英語がスラスラ出てくる英文法の勉強のしかた

【 このページを読むと分かること】

  • 英文法とは何のことなのか理解できるようになる
  • 英文法を勉強することの意義が分かる
  • 英語感覚が身に付く英文法の勉強のしかたが分かる

このページで解説しているのは「不自由なく読める、聞ける、話せる、書ける という本物の英語力」を身に付ける方法です。TOEICや学校のテストで手っ取り早く高い点数を取る方法や、とりあえず通じるレベルの英語力を身に付ける方法、旅行で困らない方法などは書いていません(しかし、それでも多少参考になることは書いてあるはずです)。

このページの内容はかなり長いです。お時間のあるときにお読みください。

なぜ英文法?

なぜ英文法を勉強するのか。それは、英文法をきちんと勉強することこそが、最短で英語の運用能力を身に付けるための近道だからです。しかし英文法の勉強ほど誤解されている分野もありません。このページでは正しく英文法を学び、母国語のようにスラスラと英語が出てくる状態を身に付けるための方法を解説しています。

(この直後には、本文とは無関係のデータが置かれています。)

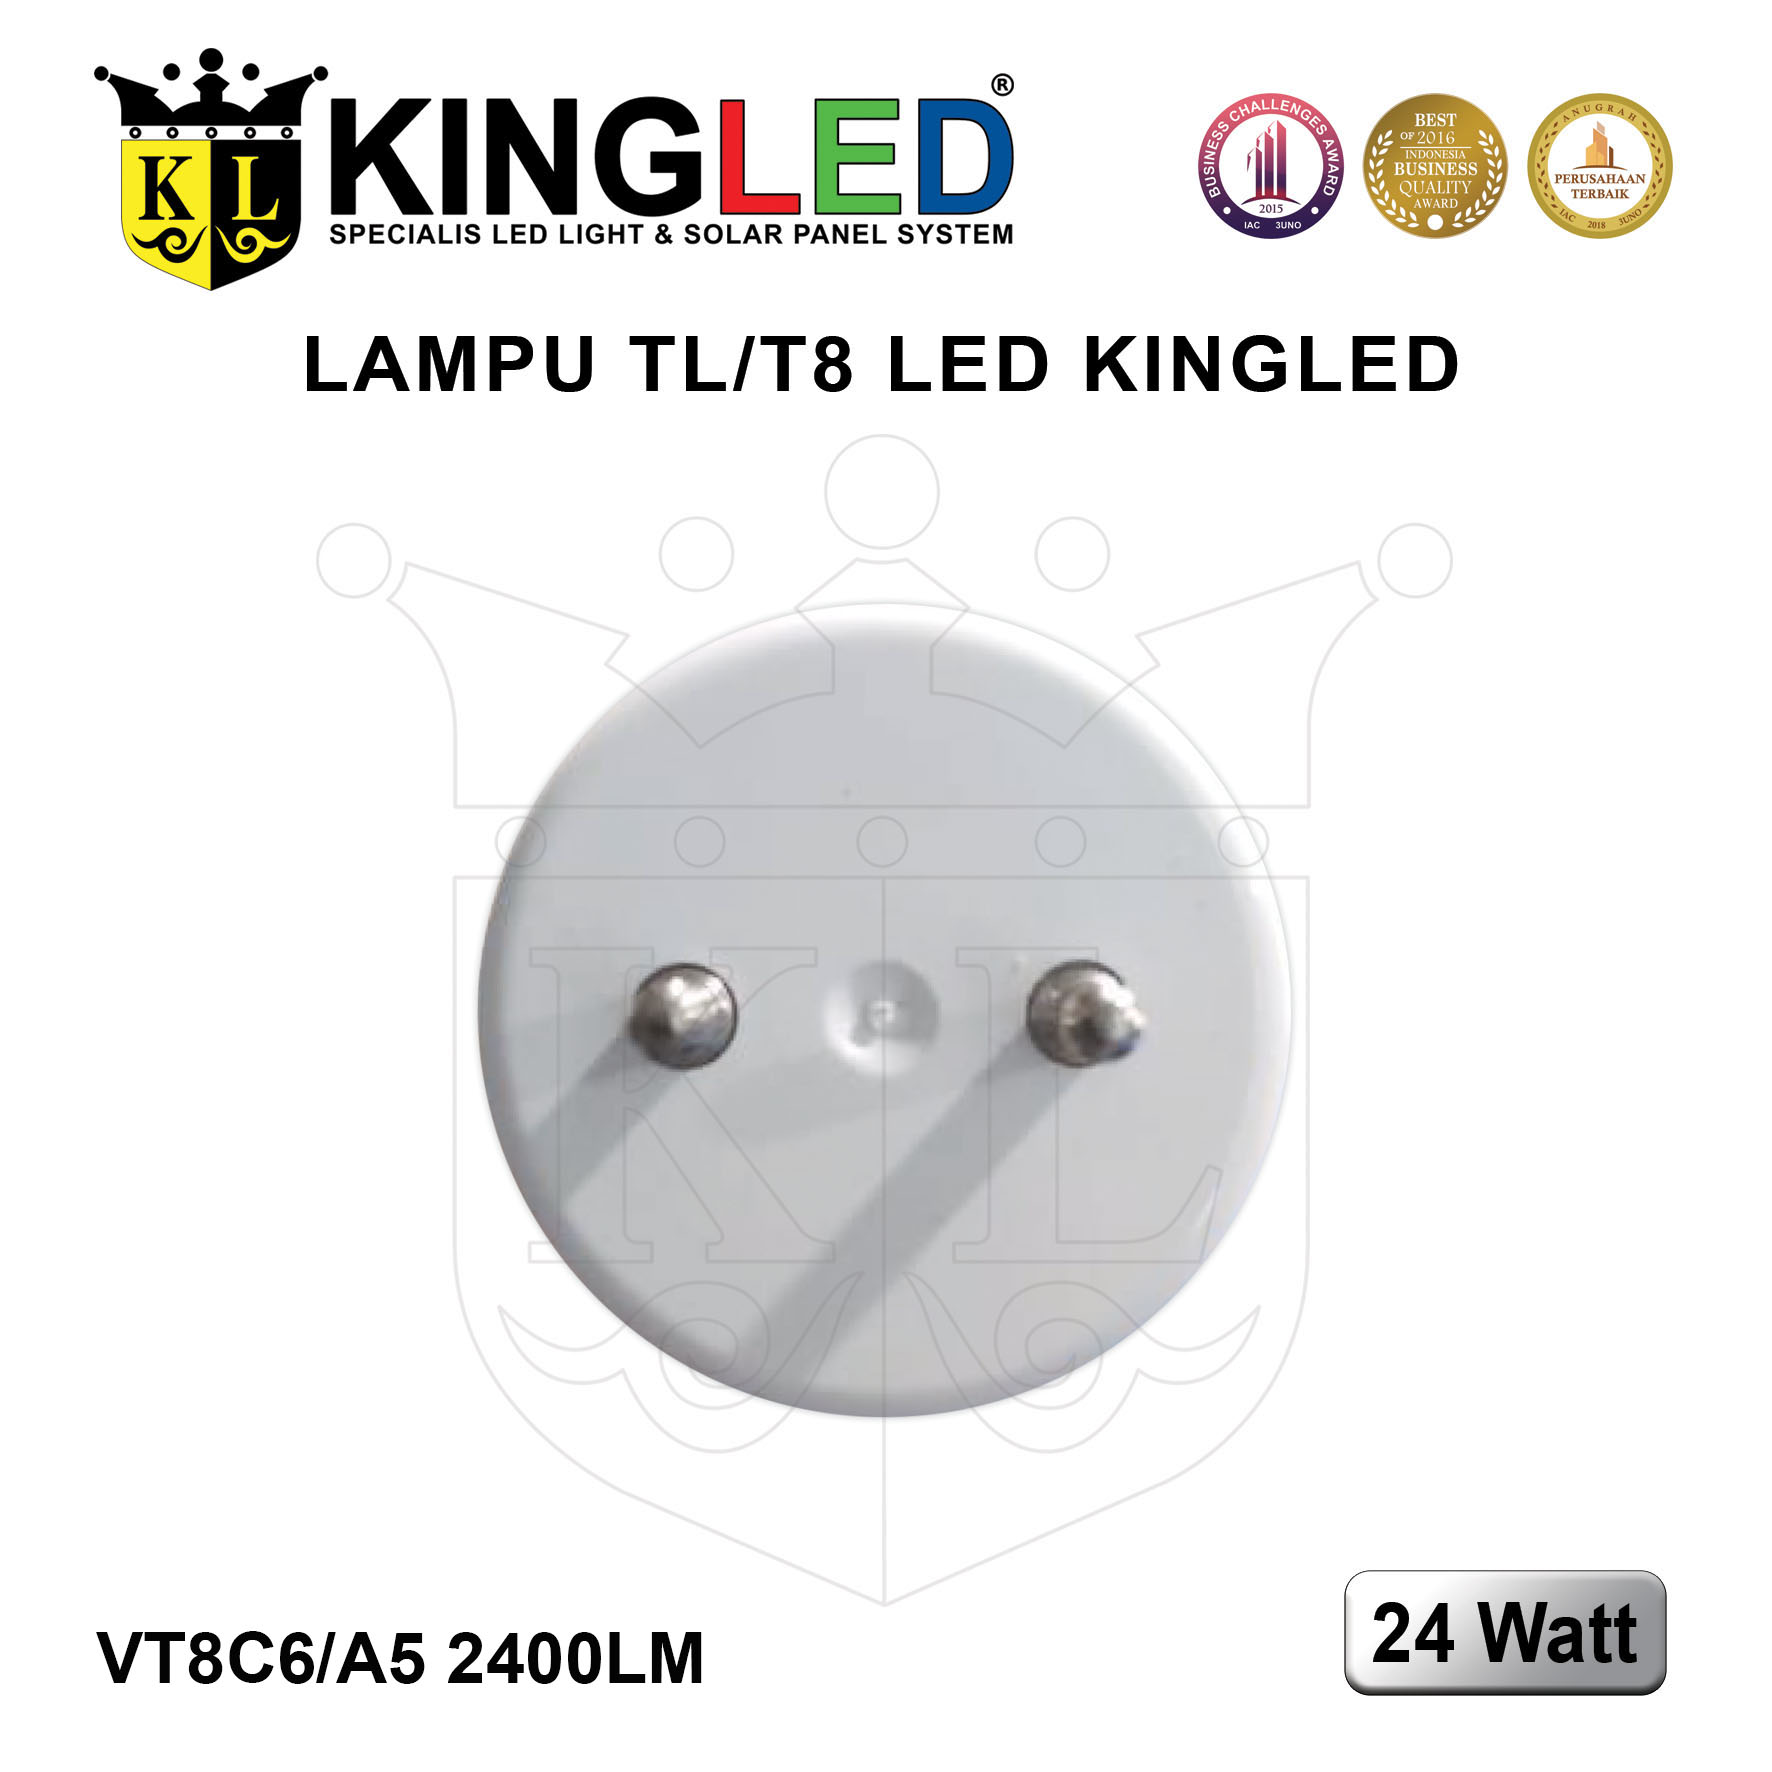 Lampu TL T8 LED 24 Watt / Tube T8 LED 24 Watt

もしかしたらあなたは「英文法はそれなりに時間をかけてきちんと勉強するべき」「いや、英文法の勉強よりも、英語にたくさん触れることが一番大事」といったように、英語学習法に関する矛盾した立場を見聞きするたびに迷ってしまっているかもしれません。いずれの立場にもそれぞれ正当性があると私は思います。考え方の枠が違うだけです。この記事を読んだあと、あなたが迷わなくなることを目指して私はこの記事を書いています。ぜひ、続きをお読みください。

英文法を勉強することの意味

英文法学習のゴールとは

まず最初に、英文法を学ぶとはどういう意味なのか、あらためて整理してみましょう。

英文法を学ぶことのゴールとは何か。それは英語の身体感覚を身に付けることです。 ルールを体にたたき込み、ルールブックの存在がなくても体が勝手に動く状態を作ることです。


仮定法は289ページじゃったっけな

そもそも文法とは何でしょうか。

文法とは長い年月をかけて自然と成立した、言葉を運用する上の習慣の集合体です。

まず誰かがルールを作ったわけではありません。 人々の心の中に自然と存在している心理的な傾向を分析・言語化したものが文法です。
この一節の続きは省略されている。